もっと詳しく言うと汚れる事も厭わずに床に仰向けになり、手足をじたばたと動かしていた。よくもまぁ、恥も外聞もなく出来るものだ。
そんなところを見せられたら俺だって一つや二つ言いたくなる。
「お前な……お目当てのお菓子買ってもらえないで駄々こねてる子供かよ……」
「駄々をこねてるのは事実だもん」
「そこは否定しろよみっともない、ほれ」
流石に見ていられないため、右手を差し出す。ルーデシアは渋々といった様子でそれに掴まり立ち上がると、むすっとした表情でローブに着いた汚れを払っていた。
「さて、結果的に俺が勝ったわけだが……」
彼女に向かってそういうと、ビクリと肩を震わせて涙目になる。負けの代償、『リアルアバターの開示』に怯えているのだろう。

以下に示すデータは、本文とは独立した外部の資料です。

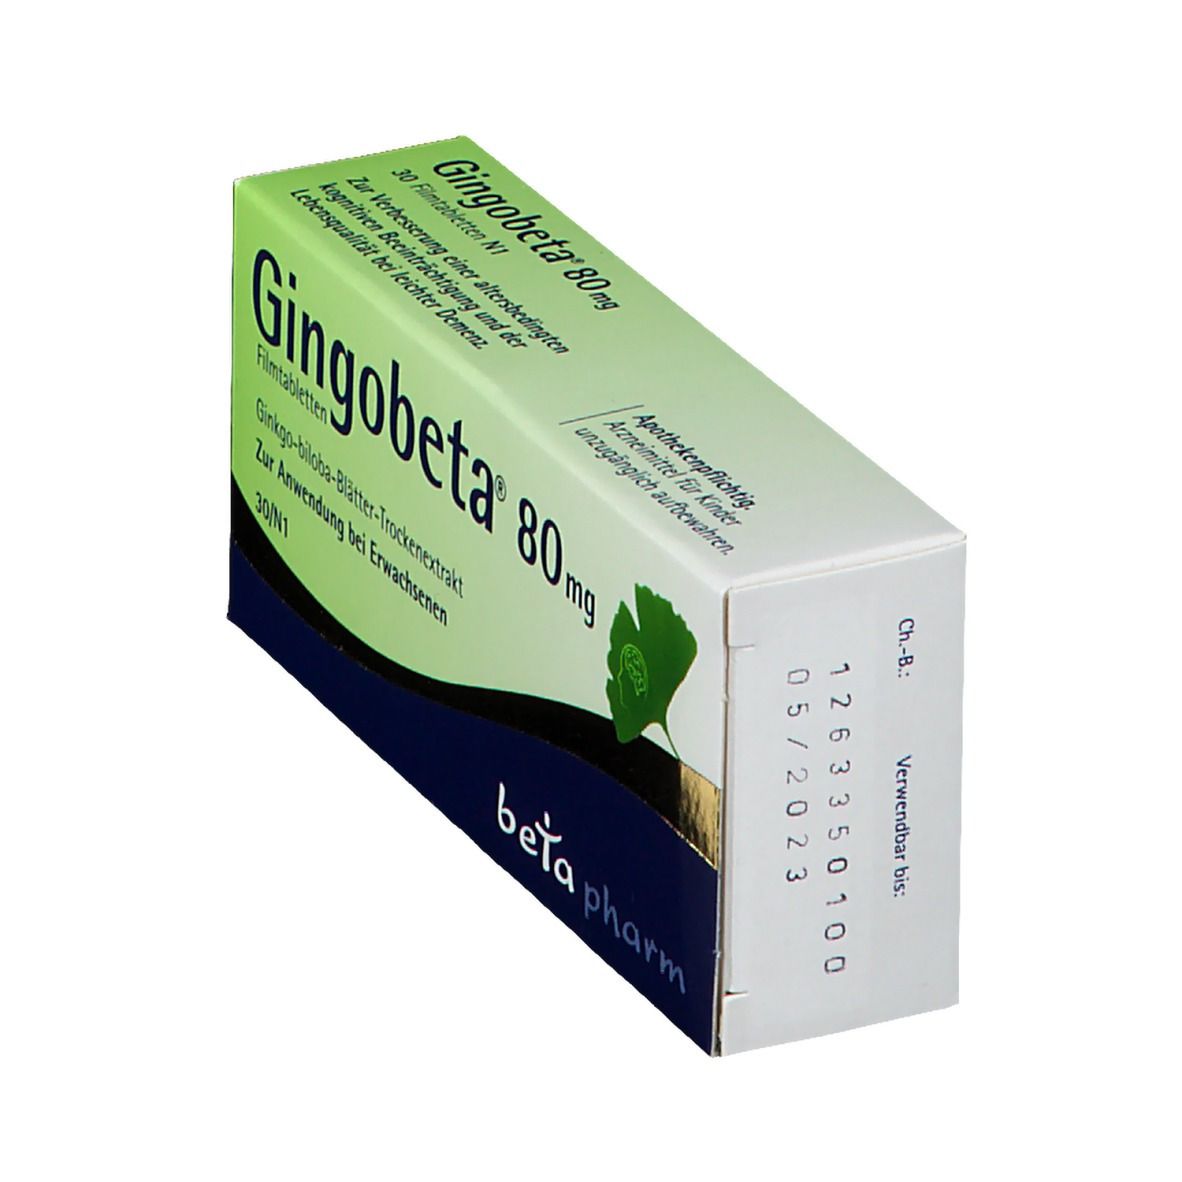 Gingobeta® 80 mg

俺の視界にも、ディールウィンドウが表示されており、それを受け取る権利があることを示していた。
だが、俺はそんな物必要ない。代わりにあることを要求する。
「お前のリアアバなんて興味ない。だから代わりに俺が知りたいことについて知ってる事を教えてくれ」
「え……?」
予想外の答えに戸惑ったのか、しばしフリーズするルーデシア。だがすぐに調子を取り戻したのかギャンギャンと喚き散らす。

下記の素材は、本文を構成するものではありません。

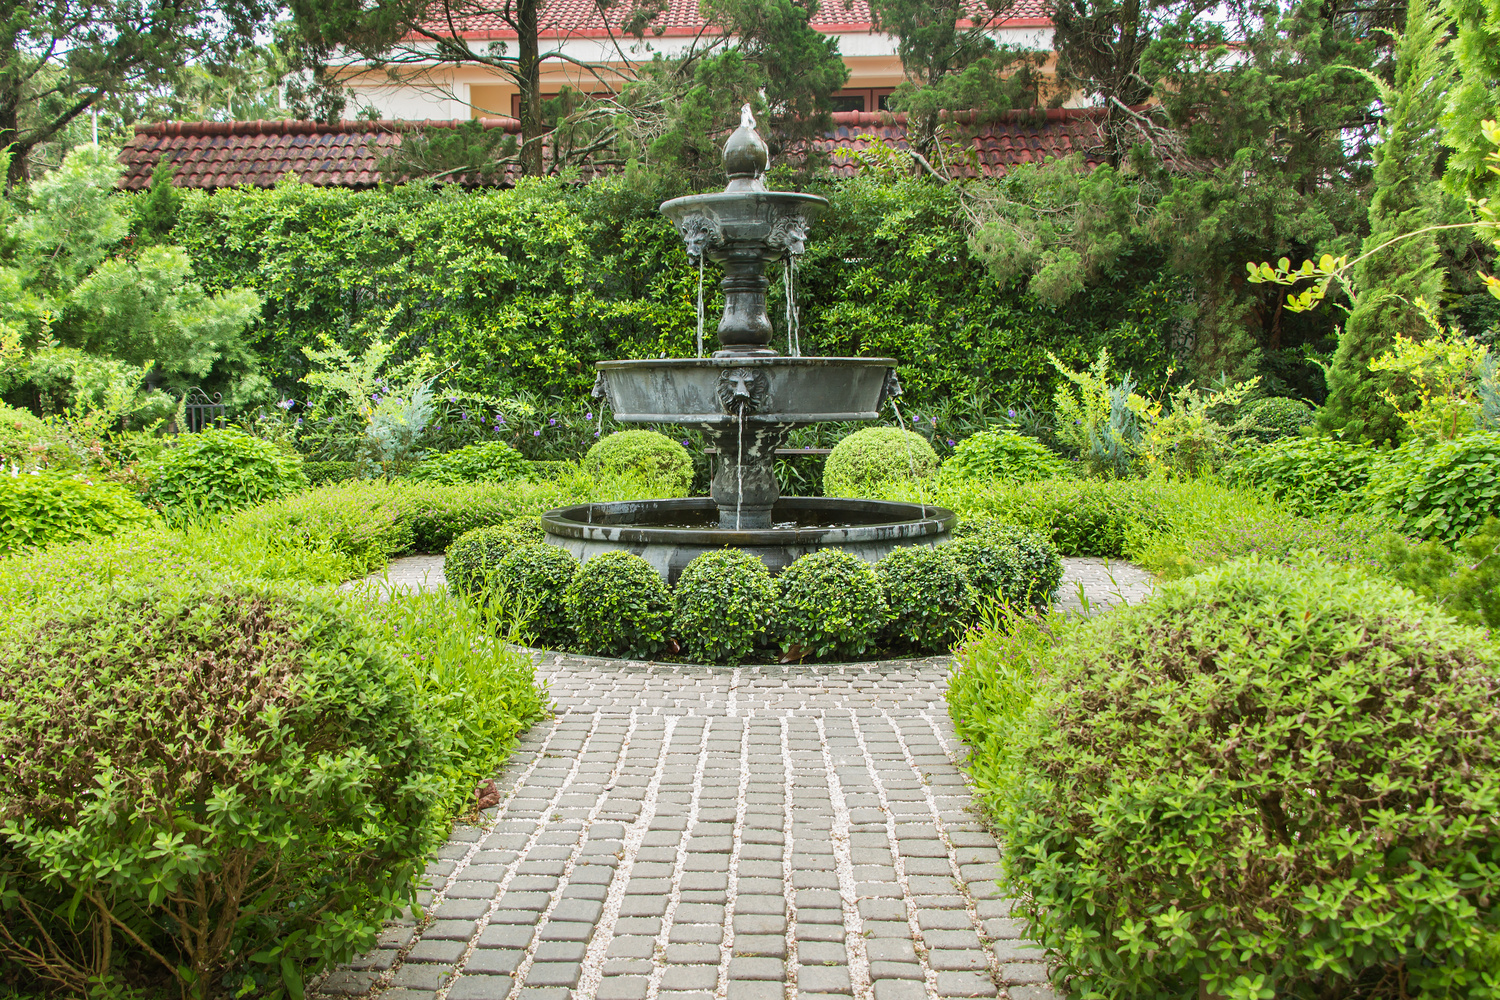 Installer une fontaine dans son jardin à Toulouse

「ちょ、ちょっと待ちなさいよ!こんな可愛くて人気のある、それでいて強くて可愛い私の
「確かにアバターは可愛らしいし性格も子供っぽいが愛嬌はある。だがそれよりも優先しなきゃ行けない事があるってことだ」
「え……?え!?かかか、可愛い!?」
「なんだよ、自分で言ったんだろうが。それも2回。それほど気合入れてアバクリしたんだろ?」
「そ、そうね。そうよね!で、貴方が聞きたいことって何かしら?」
表情豊かな彼女は、怒っては照れ、嬉しそうになったかと思えばいつも通りに戻ったりと中々忙しなく表情を変えてゆく。
取り敢えず、切り出すなら今だろうと判断した俺は訊きたいことについて話し始めた。
「まずは俺がなんでこんな規格外のバッテリーを持ったスマホを持っているかについて説明しよう――」
古いスマホを持っている理由の流れで、俺はタイムスリップしたため元の時代に帰りたいこと、そのためにはシーズンチャンピオンになってクソ親父に会わなきゃいけないことを話した。
「うーん……色々と常識を超えたことばかりで何とも言えないわね。特にタイムスリップに関しては専門外だし……」
「いや、ダメ元で頼んだだけだしな。変なこと聞いて悪かった。そんじゃ、試合も終わったし帰るとするか……」
そうして俺は伸びをし終えると紅い月が彩る古城から去ったのだった。
――――――――
先程まで戦闘が繰り広げられていた我が古城の庭園は、打って変わって風の音がやけに耳に残るほどの静寂に包まれていた。
そのような環境に身を置けば、誰しも自身の鼓動が早まっていることは分かる。
ただ、それが『一歩間違えれば自分のコンプレックスを曝け出す所まで追い詰められた』からなのか、それとも別の要因からなのかは分からない。
ただひたすらに我が心臓は力強く、それでいて早鐘を鳴らすように拍動を続けていた。
そんな中、心拍の音以外が古城に響く。通知があったことを知らせる音だった。何の用だろうとスマホを覗く。
『MWO: tactからフレンド申請が届きました。メッセージを表示しますか?』
彼からのフレンド申請だ。何が書かれてるのだろうかとドキドキしながらメッセージを表示する。
『念の為フレンド登録しておく。何か分かったら連絡してくれ』
やった。これを口実にプライベートマッチに誘おう――『ちなみにさっきみたいにプライベートマッチに招待しようが全力で拒否するからな。じゃそういうことで』
……………。
ま、まぁ彼からフレンド申請が来たってことは私が勝ったって訳よね。
そんな意味の分からない理論を振りかざしながら、私もログアウトして現実世界へと戻っていった。